::: GIVEN DATA

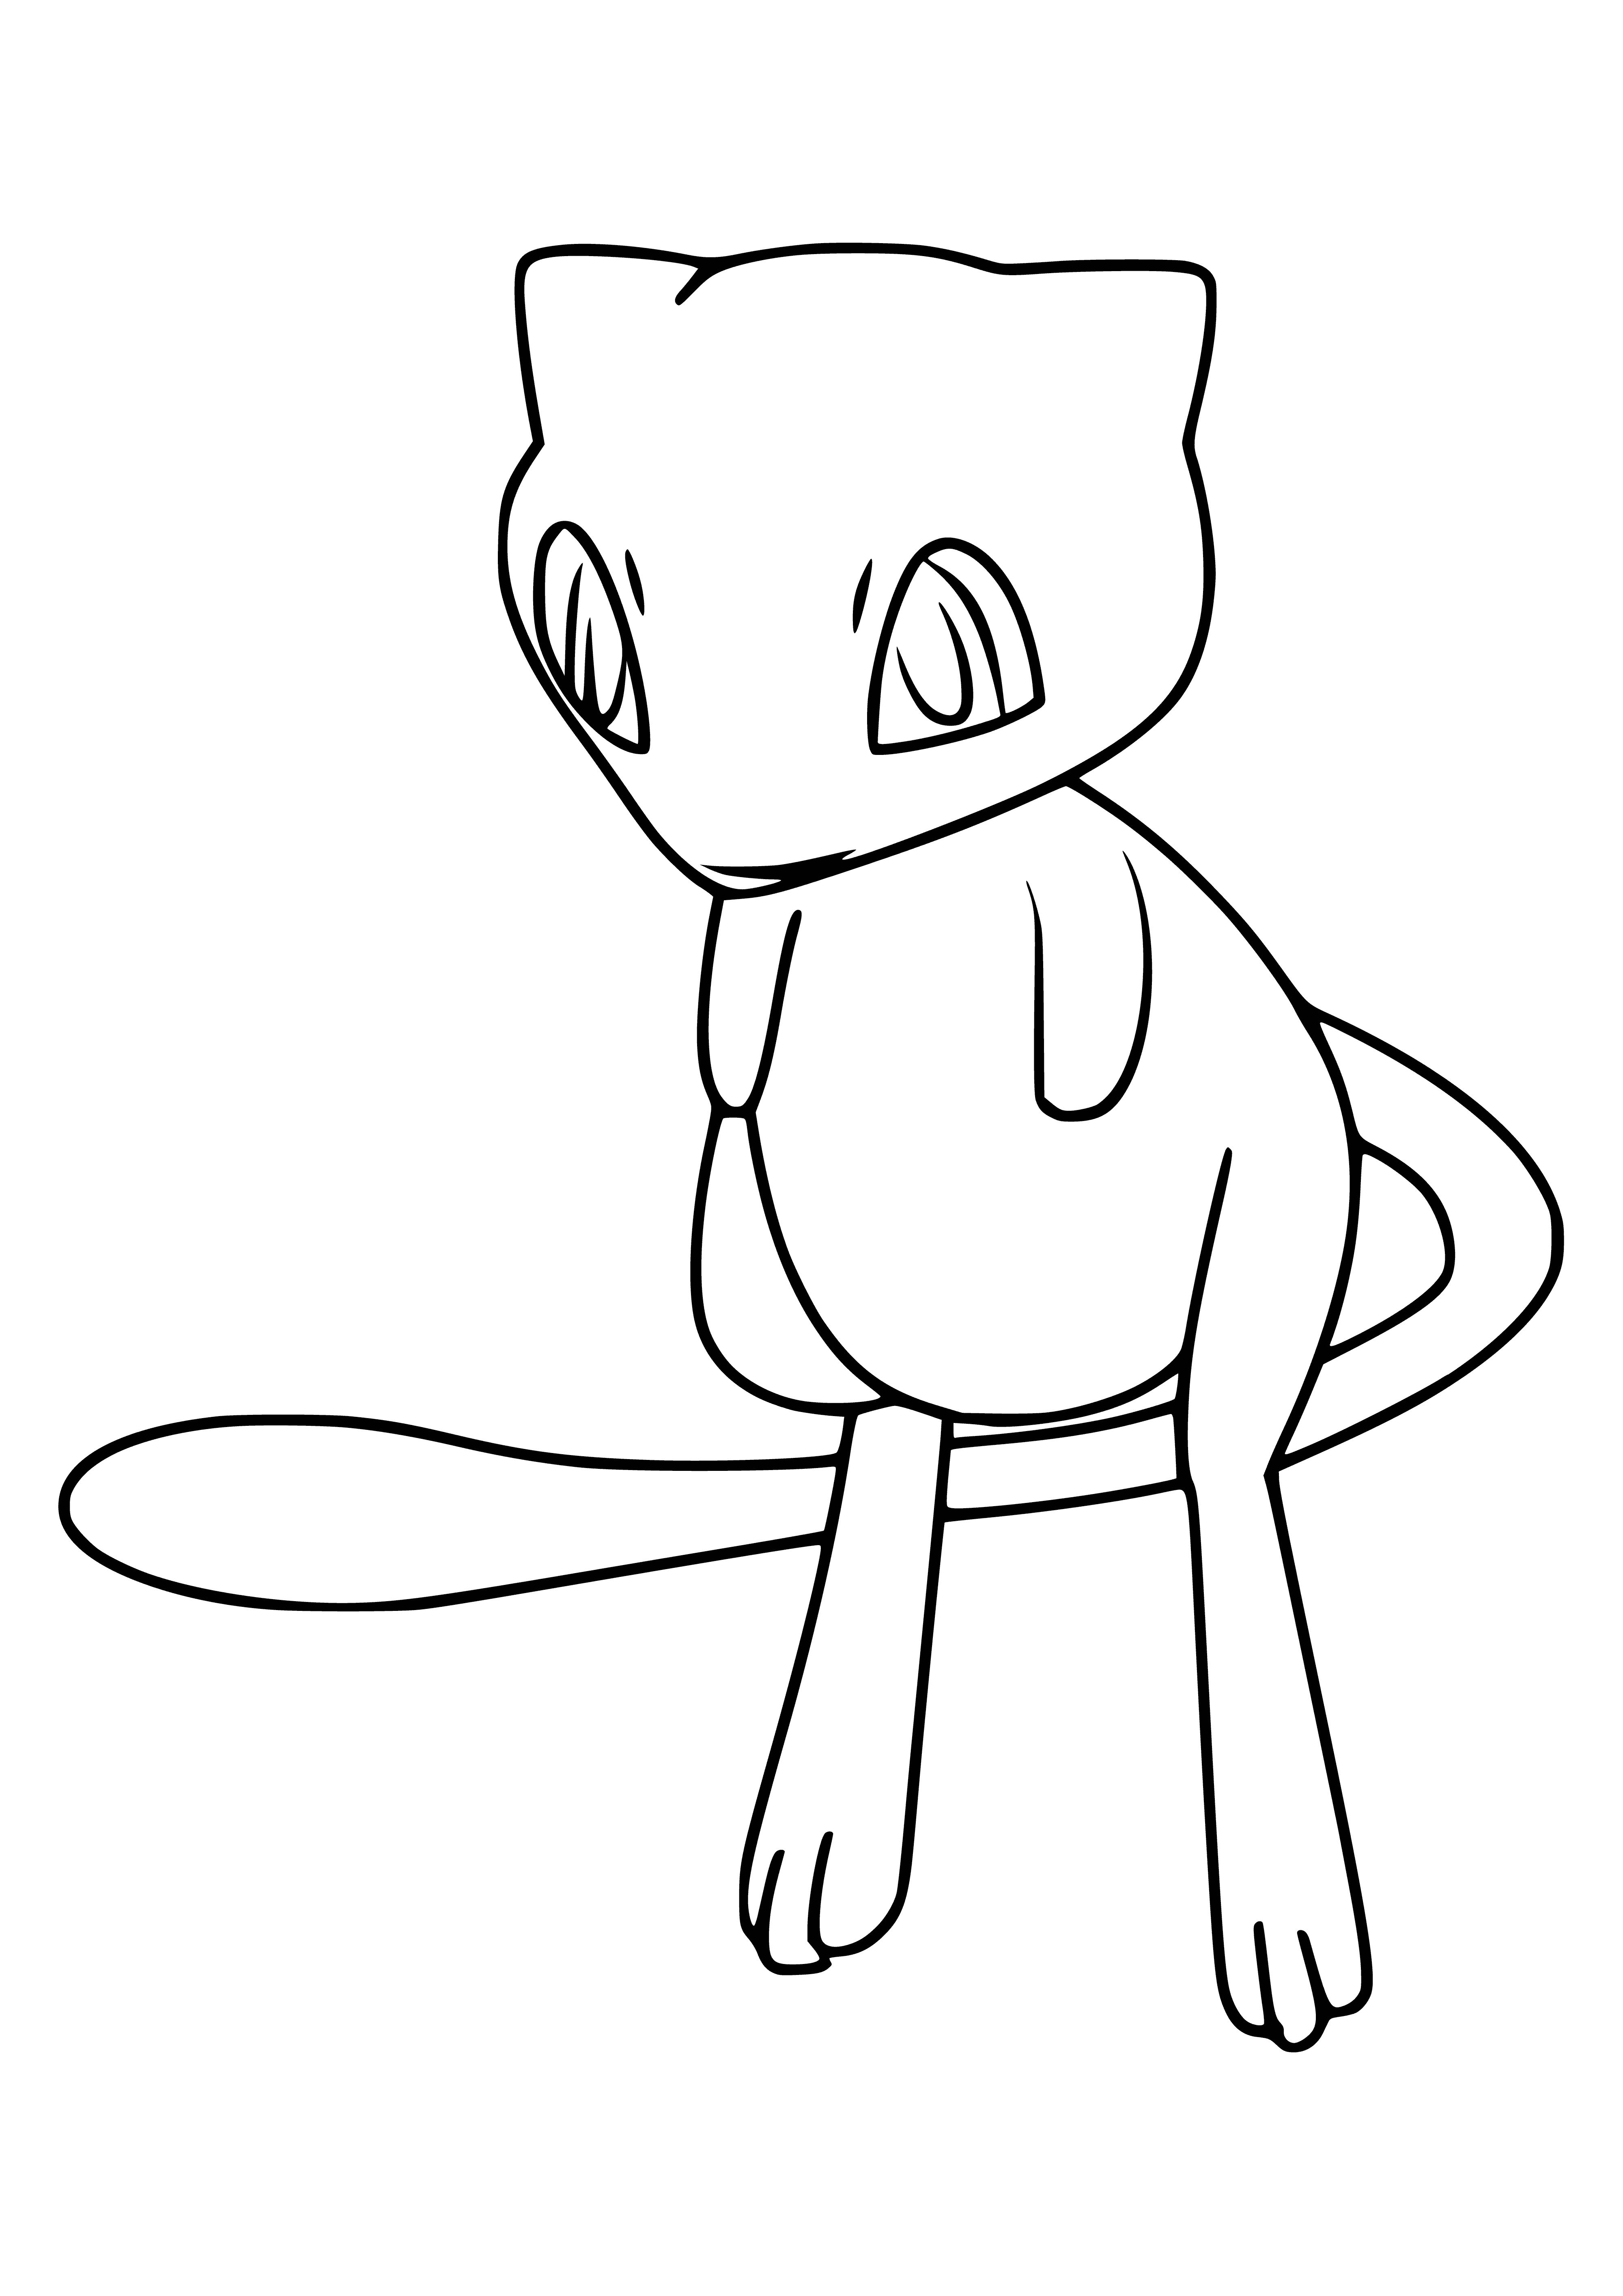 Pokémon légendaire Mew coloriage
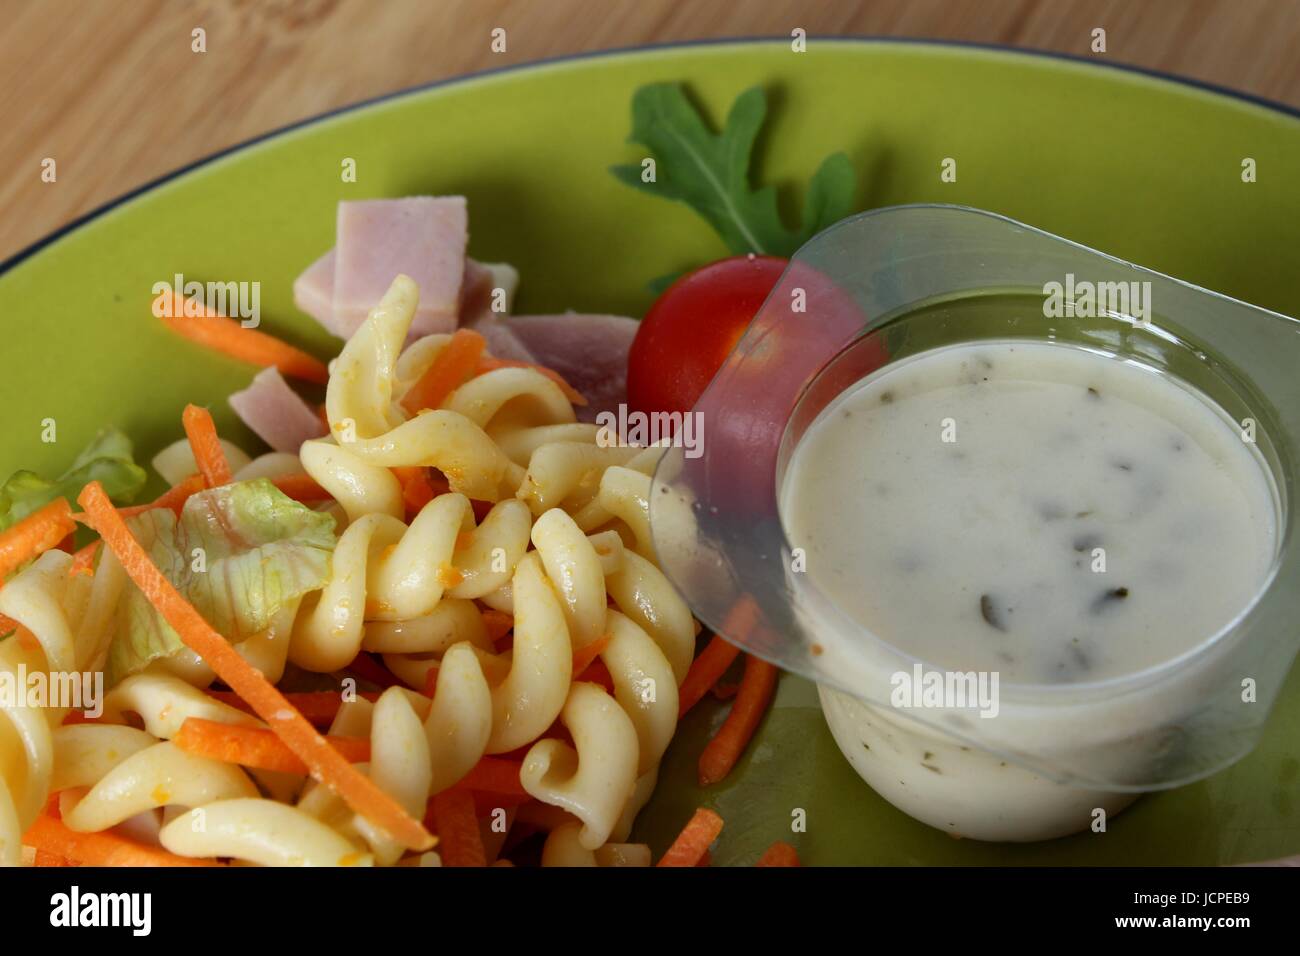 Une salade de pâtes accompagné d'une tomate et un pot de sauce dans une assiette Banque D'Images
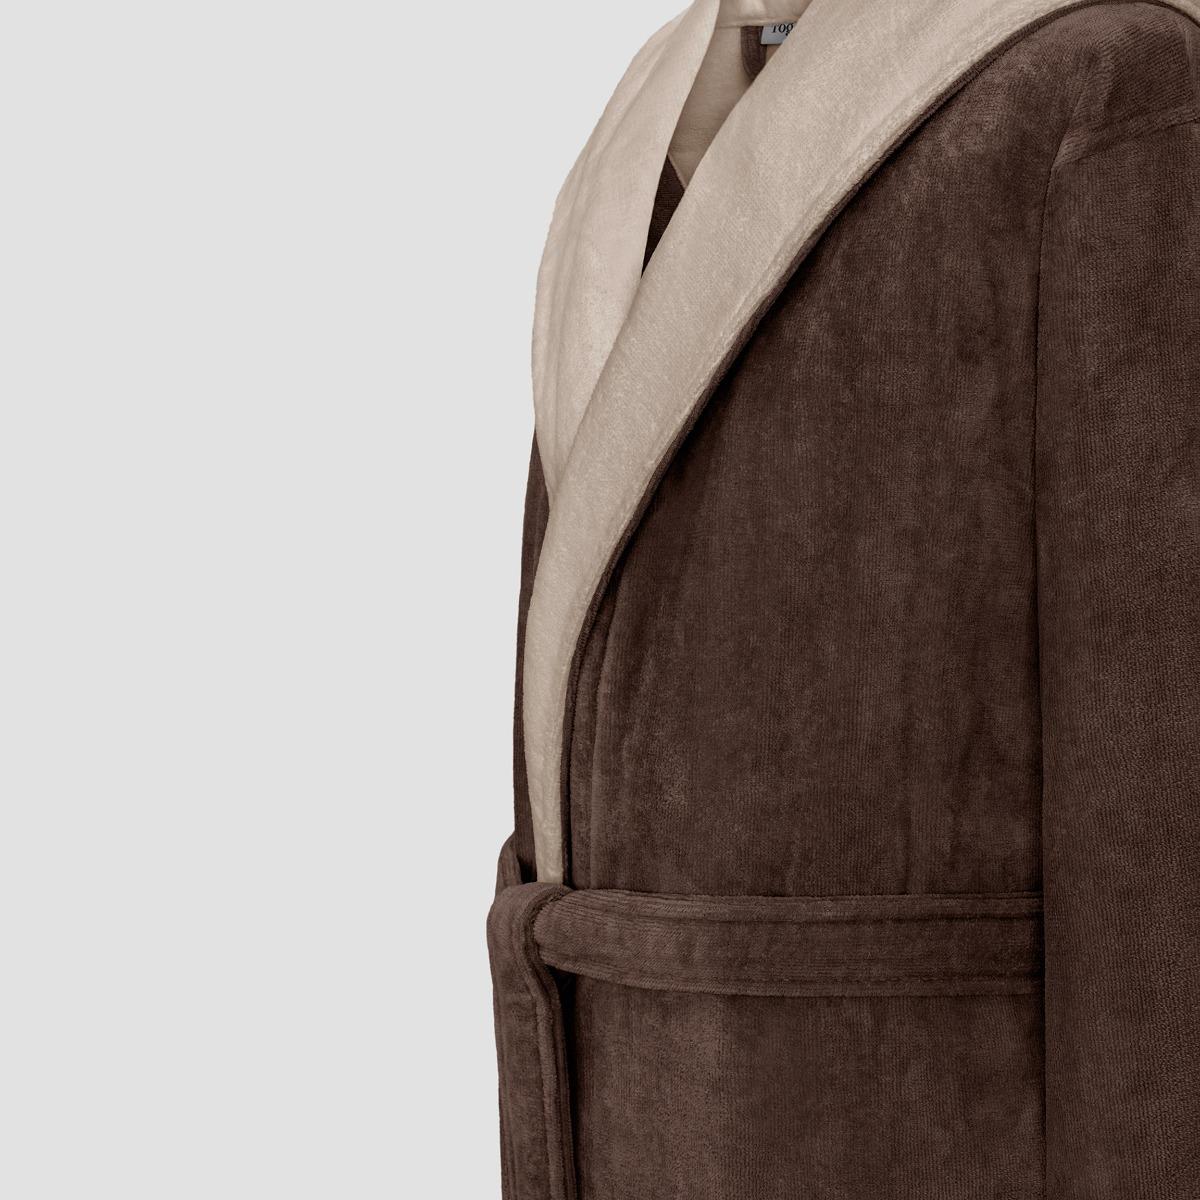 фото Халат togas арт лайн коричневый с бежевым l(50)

::::::

## [PROBLEM]
In your copy of the data above, leave out the pictures and repeat everything else exactly.

## [ANSWER AREA]
 Pokémon légendaire Mew coloriage
 Une salade de pâtes accompagné d'une tomate et un pot de sauce dans une assiette Banque D'Images
 фото Халат togas арт лайн коричневый с бежевым l(50)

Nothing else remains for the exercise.